La Stampa: Let’s talk about the global economic context. It’s a moment of great volatility: with tariff announcements, countermeasures, and geopolitical tensions. In this scenario, how is the European Stability Mechanism positioned to protect the euro area?

Pierre Gramegna: The European Stability Mechanism (ESM) is the lender of last resort for the euro area. It was established in 2012, during the euro crisis. In the public eye, we are perceived as a crisis instrument—and that’s true: over the past ten years, we have supported five countries. People associate us with our role in providing support when a country is in serious trouble and can no longer access financial markets. But our mission is also to safeguard financial stability and identify risks that may jeopardise it. We have tools that allow us not only to intervene in full-blown crises but also to act preventively. It’s important for readers to understand this aspect: the ESM closely monitors the global and European economies to identify potential risks to financial stability.

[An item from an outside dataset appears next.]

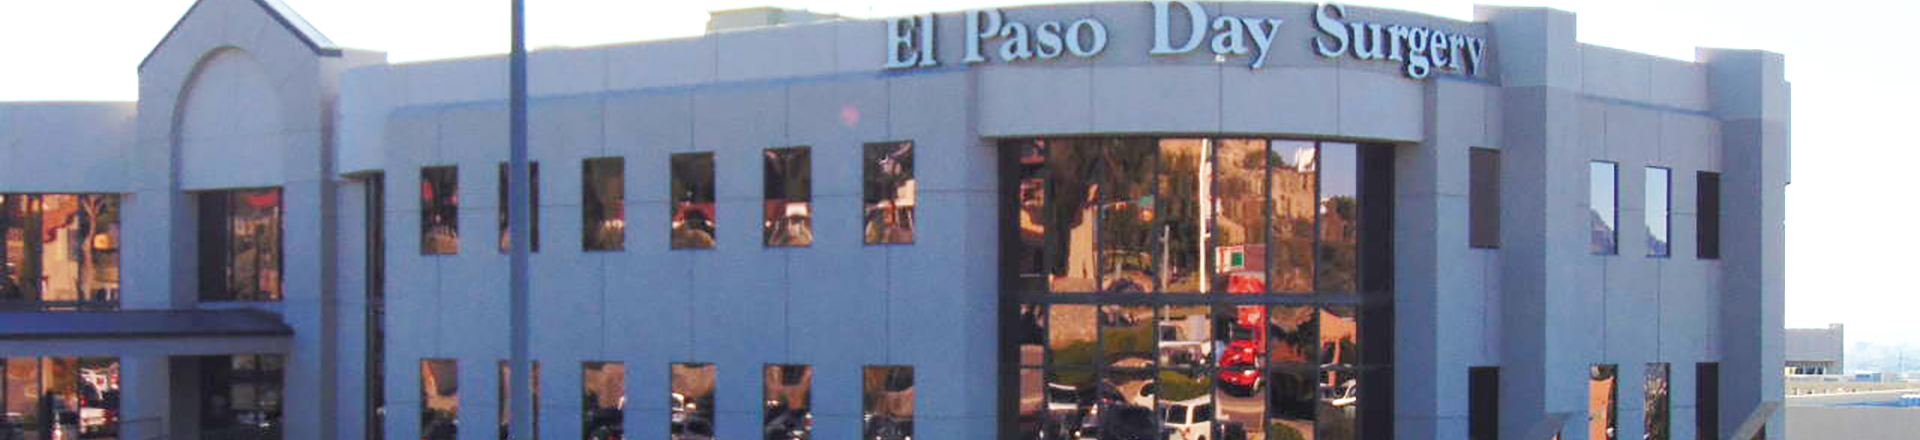 El Paso Day Surgery

You mentioned tariffs: how do we assess this threat?

It’s very simple. Europe is the most open region in the world in terms of trade relative to its GDP, excluding trade within the single market. Depending on the year, between 55% and 60% of euro area GDP is tied to its total trade with the rest of the world. By comparison: for China, it’s around 35%, and for the United States, about 25%. What does this mean? That, if global trade slows down due to new barriers, Europe will be hit hard.

Are the current actions appropriate?

We fully support the European Commission’s approach, which has always stated its intention to avoid a tariff escalation. Dialogue is fundamental: the fewer tariffs on both sides, the better. This is the spirit of the European Union, and we believe it is in Europe’s best interest.

And then?

If the United States were to implement all the announced tariffs—at any level—it would suffer the most. According to most analyses, including that of the ESM, the negative impact on the U.S. economy would be significantly larger than on other countries. It’s a lose-lose situation for everyone, and Europe must do everything possible to limit the damage.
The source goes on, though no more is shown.